El plan de aperturas no se detiene: para este año está prevista la reapertura de la tienda de Barracas, y se proyectan otras cuatro nuevas sucursales, enfocándose especialmente en el interior del país. Cada local representa una inversión considerable, que oscila entre los 2 y 3 millones de dólares, con superficies que parten desde los 800 metros cuadrados, lo que pone en evidencia el compromiso de la marca con la calidad y la experiencia del cliente.
Digitalización y marketing como motores del crecimiento
Más allá de la expansión física, Nike está invirtiendo en tecnología para acelerar su transformación digital. Esta apuesta se refleja en la gestión de canales online y en el fortalecimiento de la relación con el consumidor mediante campañas innovadoras y alianzas estratégicas, como las que mantienen con la liga amateur de fútbol, clubes deportivos y figuras relevantes del mundo artístico, como el cantante Trueno.
Además, la empresa ha implementado un proceso de rebranding interno para fortalecer la cultura organizacional y la marca empleadora, buscando un mayor compromiso de sus colaboradores. Esta visión integral que combina lo externo con lo interno evidencia una gestión moderna y orientada a largo plazo.

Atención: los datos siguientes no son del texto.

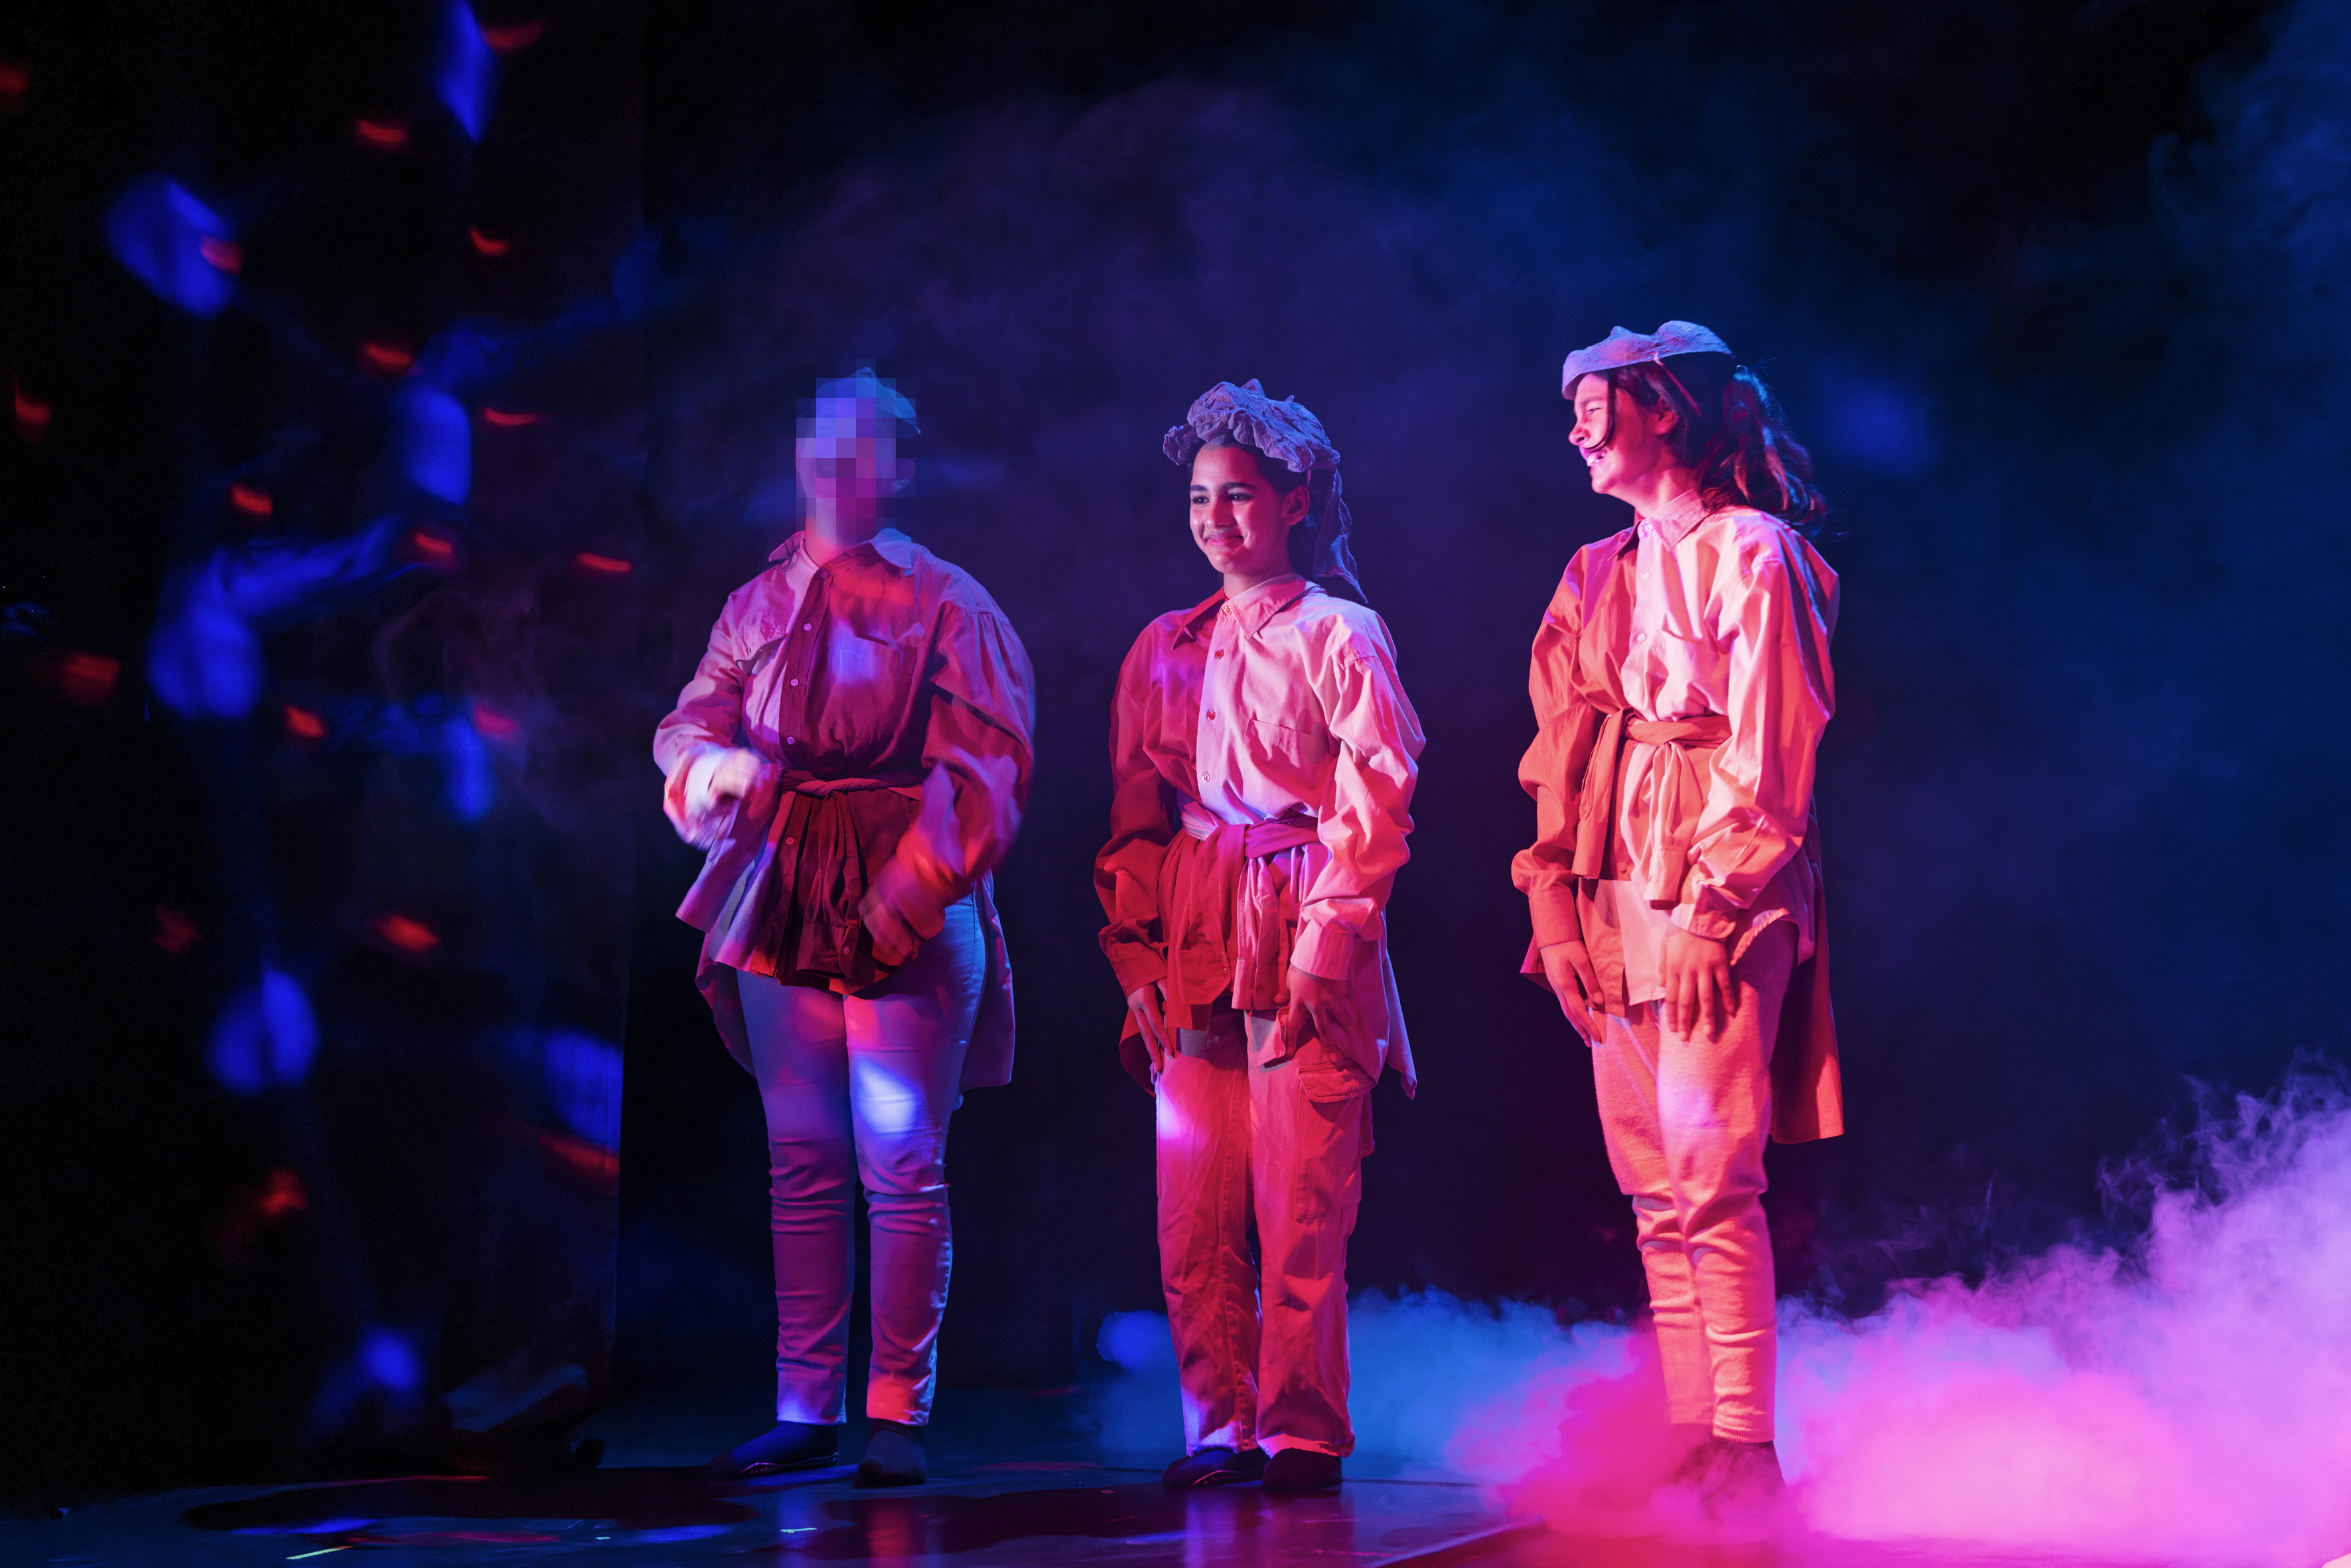 drei Mädchen stehen in einem rötlichen Show-Licht und lachen - von links sieht man Nebel, der sich um die Füße der Mädchen ausbreitet. Sie tragen Herrenhemden übereinander und verknotet

Uno de los puntos más interesantes que plantea Tórtora es la consideración de la producción nacional como un recurso clave, pese a las dificultades del mercado. En un escenario donde la importación muchas veces resulta más conveniente debido a las economías de escala que manejan los productores asiáticos, la apuesta por la producción local está orientada a la eficiencia y a la competitividad.
Southbay y Nike no cuentan con fábricas propias en Argentina; sin embargo, trabajan con tres empresas locales: DAS en Misiones para calzado, RA en Buenos Aires para indumentaria, y Derwil para la producción de medias. Esta red permite mantener una producción cercana que ofrece ventajas en términos de flexibilidad y reducción de riesgos frente a eventos globales como la pandemia o las fluctuaciones internacionales.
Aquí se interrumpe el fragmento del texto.